Чем Польша отличается от других стран? И наша нация от других наций? Мне вспомнились лекции моих преподавателей во Львовском университете Яна Казимира, разговоры с отцом и братом…
У поляков чрезвычайно сильно чувство общности между отдельным человеком и всей нацией – чувство, подкрепленное историческим опытом, который показывает, что проигранная война влечет за собой губительные для всего народа последствия. В других странах за поражением следует оккупация, они выплачивают контрибуцию, вынуждены сократить армию, иногда дело доходит до изменения границ. Когда же польские солдаты терпят поражение на поле боя, весь народ постигают губительные бедствия: соседи грабят и делят между собой территорию Польши, стремятся уничтожить ее культуру и язык. Вот почему война для нас – событие грандиозного масштаба[30]30
Автор имеет в виду следующие события, оставившие глубокий шрам в памяти поляков: поражение восстания 1794 г. под предводительством Костюшко (взят в плен в битве при Мацеёвице) и последовавший за этим в 1795 г. третий раздел Польши (между Россией, Пруссией и Австрией), «навсегда уничтоженной», как поклялись монархи этих трех стран; подавленные восстания 1830 и 1863 гг. и неоднозначную реакцию как друзей, так и недругов возрожденной Польши, когда она отстояла свою независимость, одержав победу в русско-польской войне (1919–1921).
[Закрыть].
Люди по-разному вели себя перед лицом катастрофы. Одни, понимая весь ужас происходящего, отгораживались от него «защитной стеной», не пускали его в свое сознание и жили словно бы в ином мире. Другие, зная, что означает поражение Польши, впадали в отчаяние, которое иногда кончалось самоубийством. Они тоже «отрицали» реальность, но по-своему – уходя в смерть.

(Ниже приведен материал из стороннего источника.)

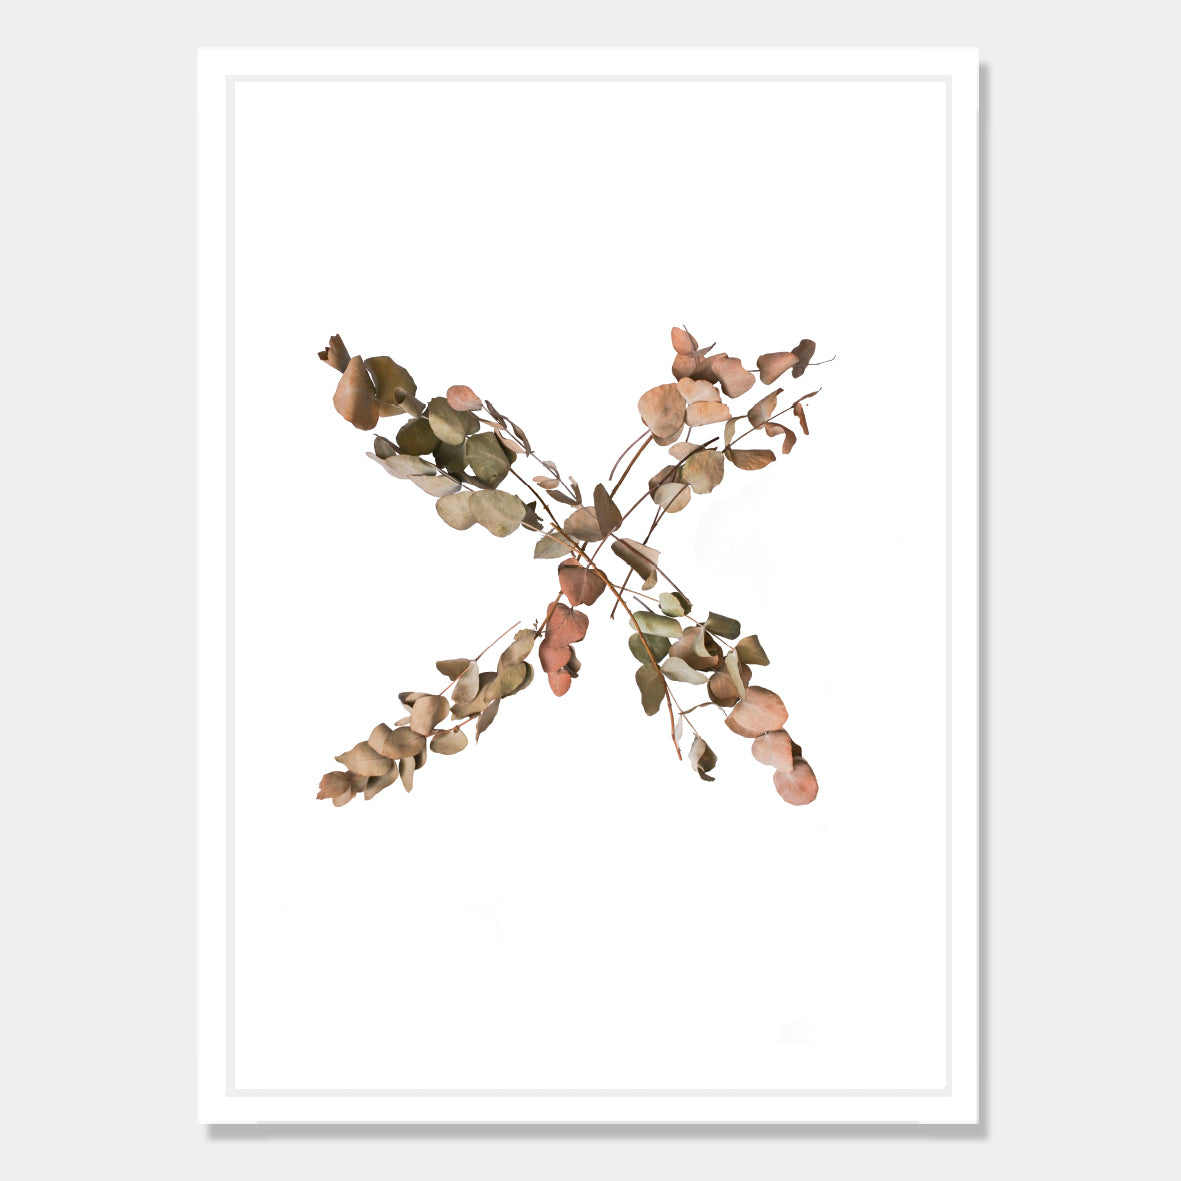 Photographic art print of dried leaves in a X shape by Bon Jung. Printed in New Zealand by endemicworld.Photographic art print of dried leaves in a X shape by Bon Jung. Printed in New Zealand by endemicworld and framed in white.
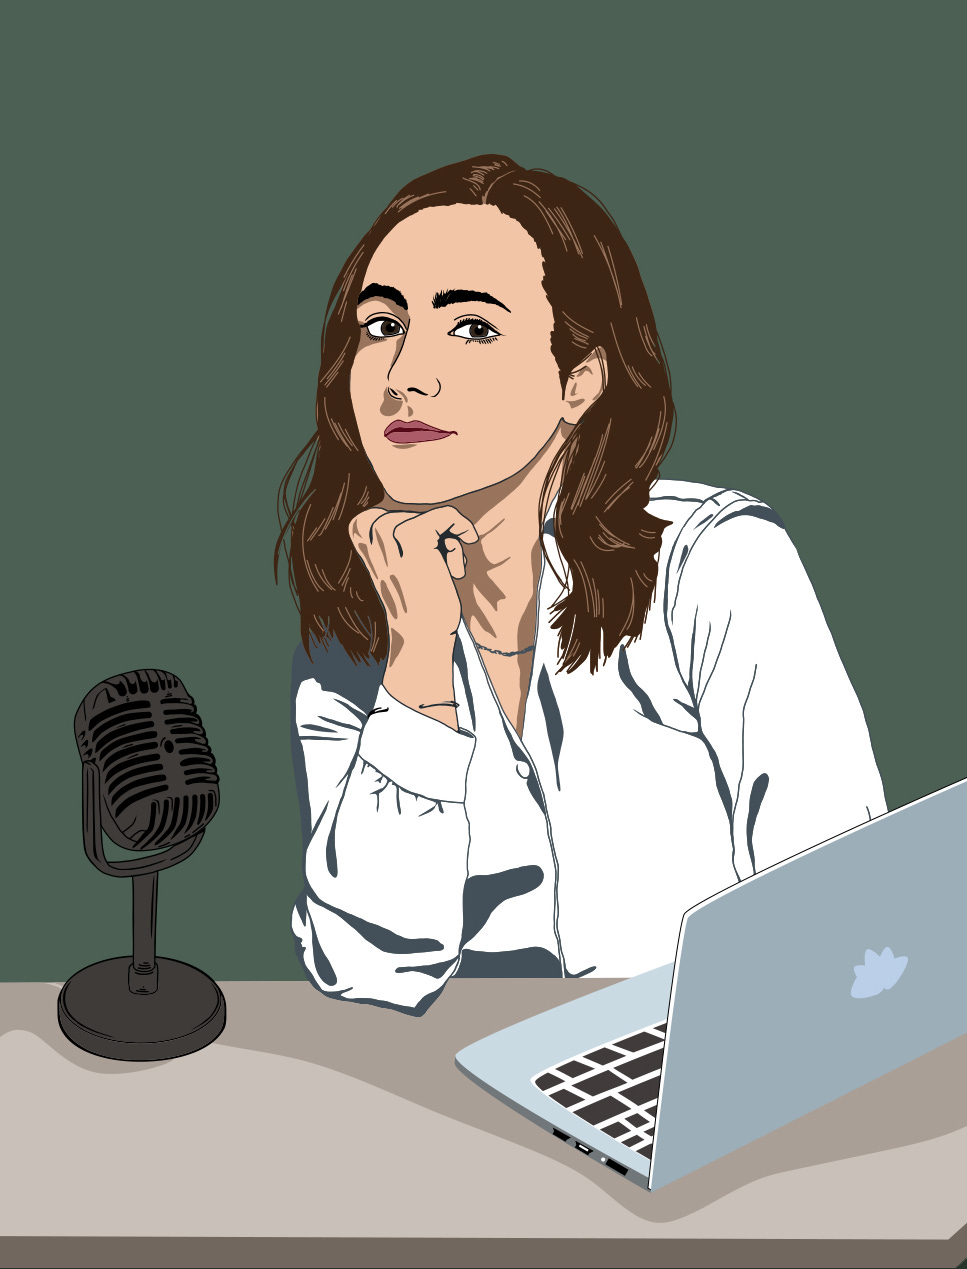 illustration by Montreal artist La Pimbêche of a woman with long brown hair leaning against a desk with a mic and a laptop. for obsessed interviews series by Michelle Béland

Я шел вперед и сознательно отмахивался от осаждавших меня вопросов. Не желал допустить мысль о том, что Польша как государство окончательно и бесповоротно погибла. Во мне теплилась надежда, что союзники скоро разобьют Германию или заставят ее покинуть Польшу. Я уже знал, что сопротивление польской армии сломлено, но сам не мог смириться. Какая-то часть меня продолжала, вопреки рассудку, верить, что у Польши еще остались жизненные силы и они сосредоточены в Варшаве.
Поэтому я стремился в столицу. Все шесть дней пути торопился так, будто у меня назначена важная встреча, на которую нельзя опоздать. В окрестностях Кельце дороги были пустынны, но чем дальше, тем больше стекалось беженцев, спешащих, как и я, в Варшаву; когда же я наконец вышел на главное шоссе, оно было забито машинами, так что и не проберешься.
Мужчины и женщины, молодые и старые, пешком и на колесах стекались из разных мест или возвращались домой в столицу. Тут были и варшавяне – торговцы, рабочие, врачи, адвокаты и т. д., и уроженцы разбомбленных маленьких городов и деревень. Попадались крестьяне – они тащили с собой любовно отобранные из убогого скарба вещи. Женщины прижимали к себе детей и шли твердым, уверенным шагом, точно загипнотизированные. У кого-то были с собой продукты, у кого-то – одежда, а у некоторых – даже мебель. Помню, я заметил в одном фургоне блестящее пианино черного дерева.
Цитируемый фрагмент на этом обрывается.